Monreal trató, al parecer, de recomendar cambios en el equipo presidencial, pero la tragedia no solo estriba en la ineptitud e inexperiencia de la mayoría de los funcionarios, sino en la incapacidad del presidente para asimilar otras opiniones. En esta ocasión, más que soledad, hay un autismo dogmático en Palacio.
En este caso, la lógica se rompe. Aun y cuando fueran invitados a formar parte del gobierno genios y talentos universales, a los más destacados premios Nobel, López Obrador seguiría escuchando solo y únicamente a López Obrador.

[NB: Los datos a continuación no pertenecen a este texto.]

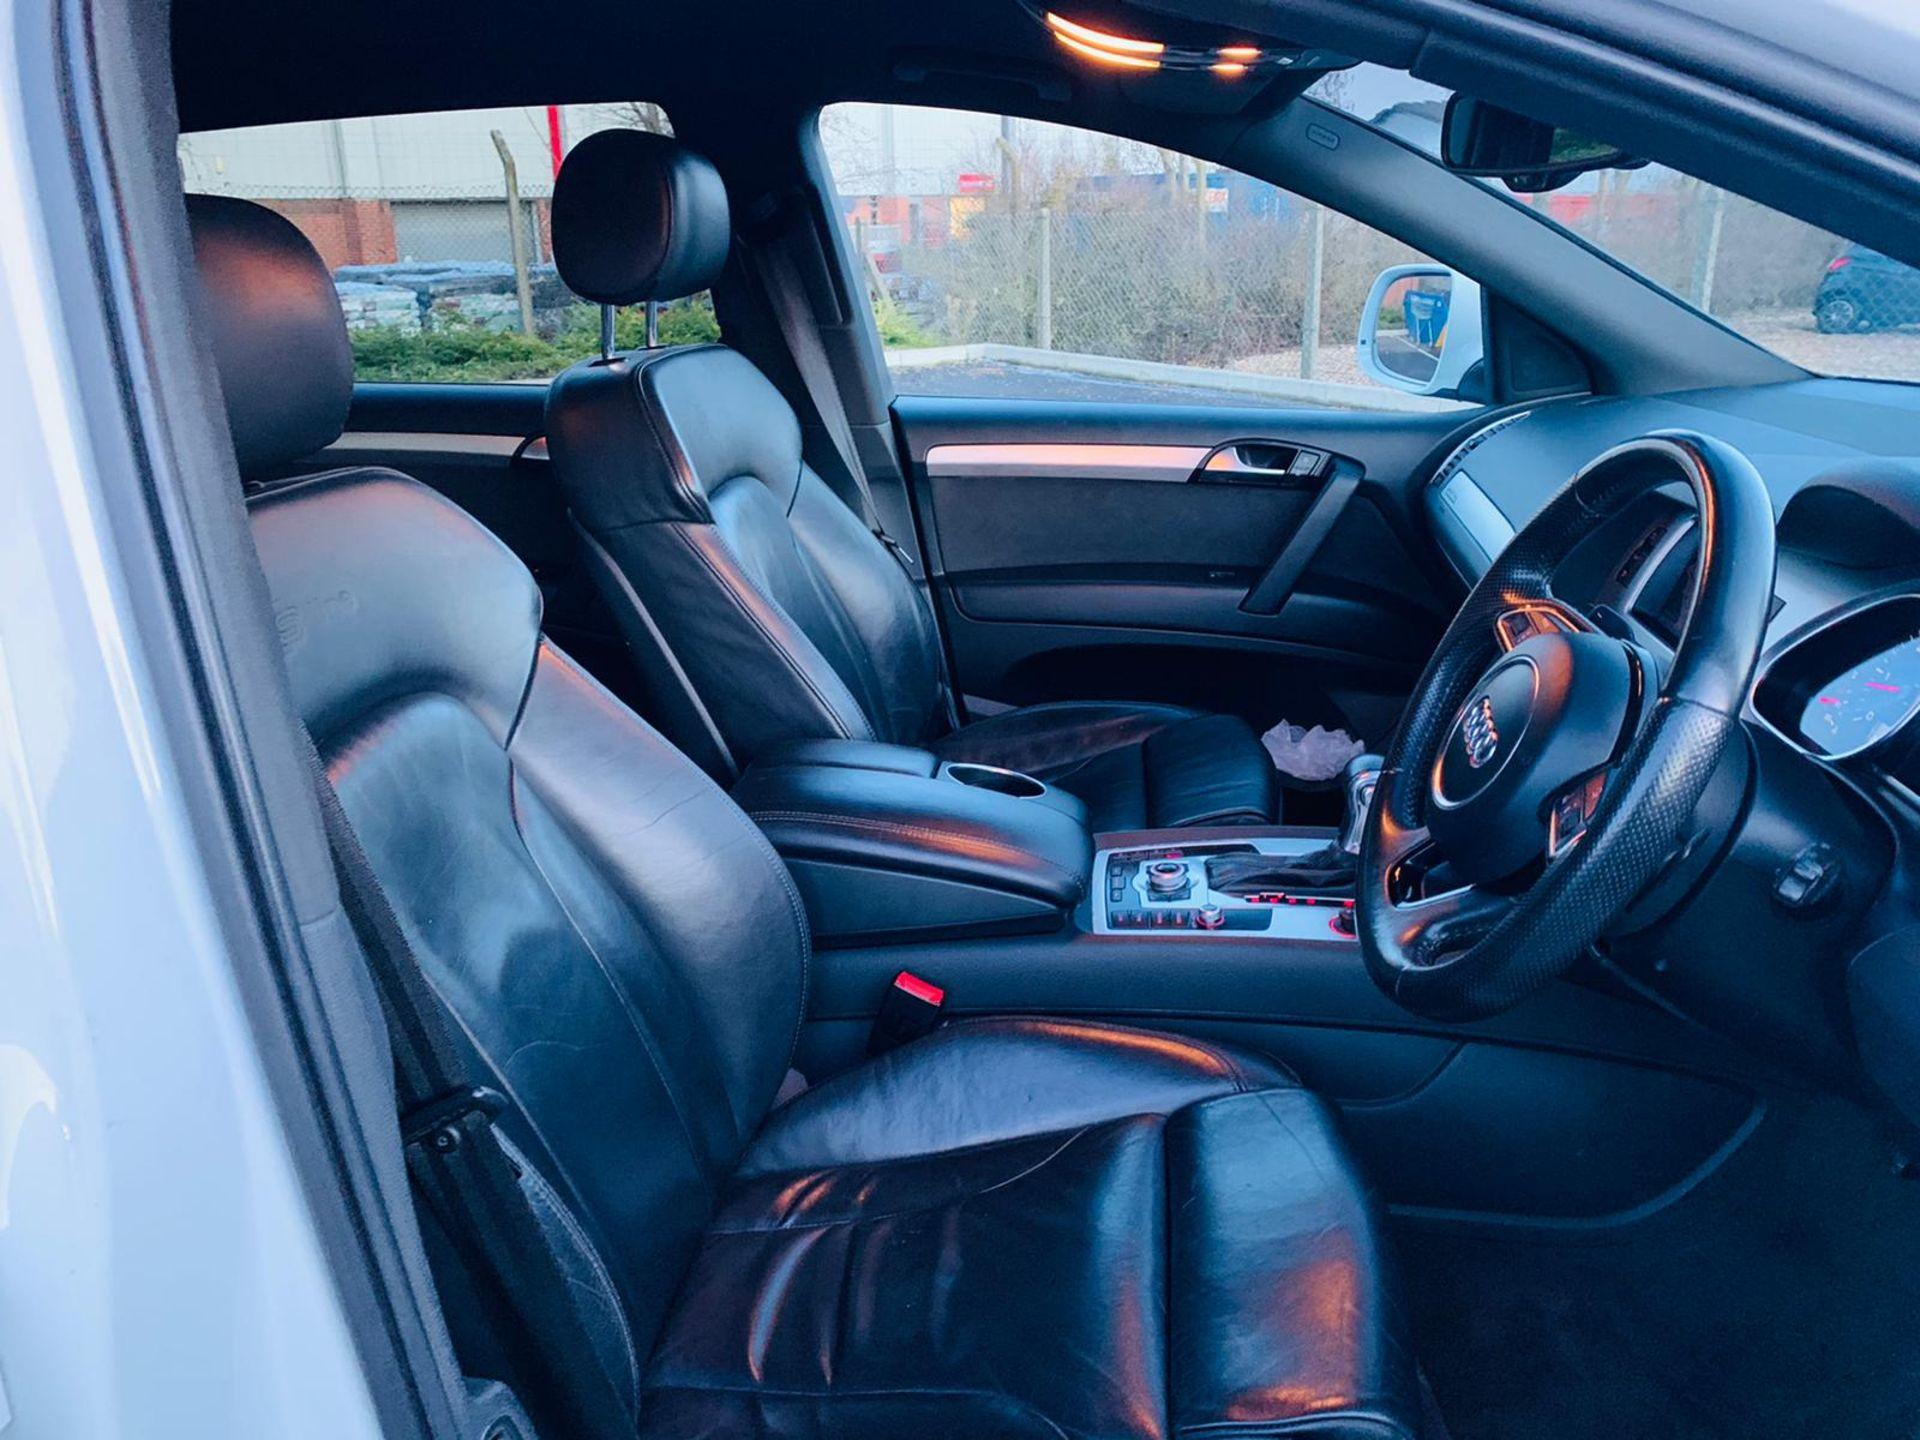 (Reserve Met)Audi Q7 3.0 TDI Quattro S Line Plus Auto (7 Seats) - 12 Reg - Only 63k Miles -Sat Nav- - Image 11 of 37
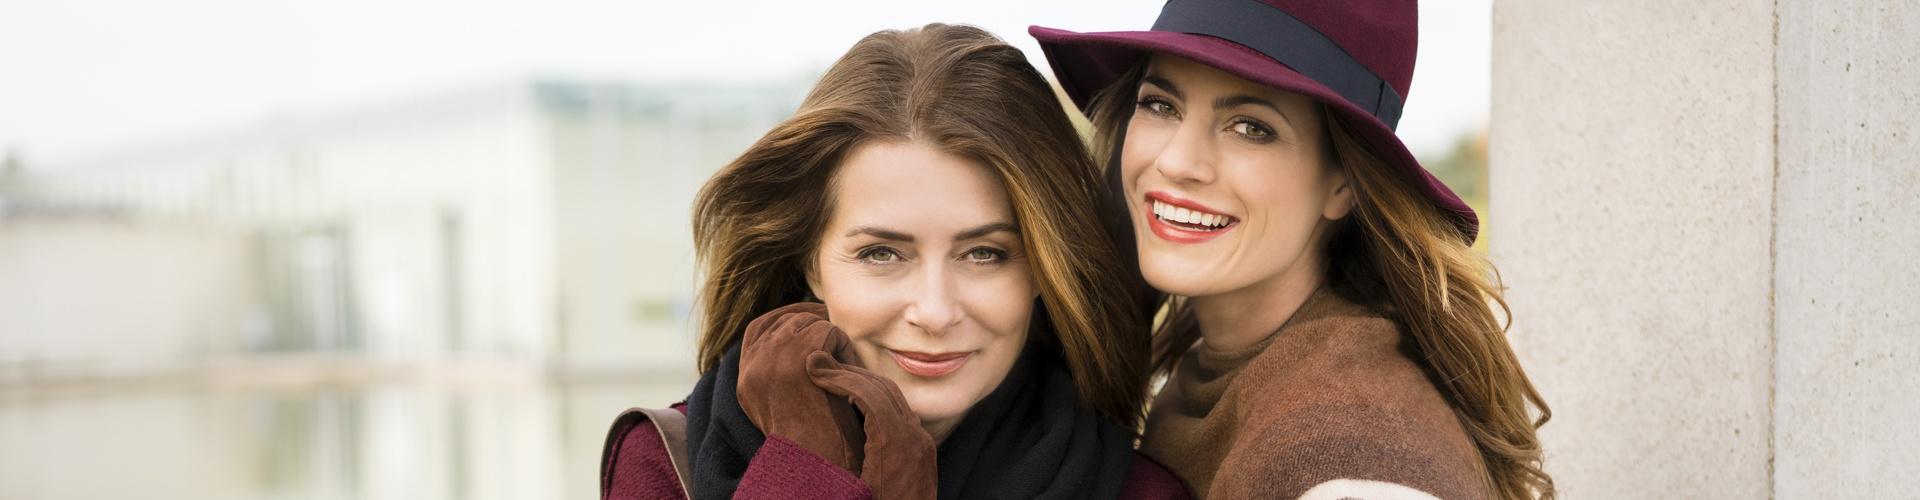 Frauen in Herbstmode Ofa Bamberg

Dice Monreal que el gobierno debe mejorar la relación con los medios, los inversionistas y empresarios. La sugerencia del senador no puede ser más sabia desde la política –como ciencia y como arte–, sin embargo, eso parece imposible cuando lo que impera, casi como dogma de gobierno, es el odio a México.
En la historia del país ha habido todo tipo de presidentes, desde grandes estadistas hasta oportunistas y vende patrias. Pero nunca habíamos sido gobernados por alguien con tanto odio y rencor acumulado.
Una pulsión, una fuerza destructiva y autodestructiva, de origen inexplicable, tan profunda y arraigada que tiene como víctimas a 126 millones de mexicanos.
Han transcurrido apenas siete meses, faltan mil 980 días para que termine el sexenio y el águila y la serpiente ya están en agonía.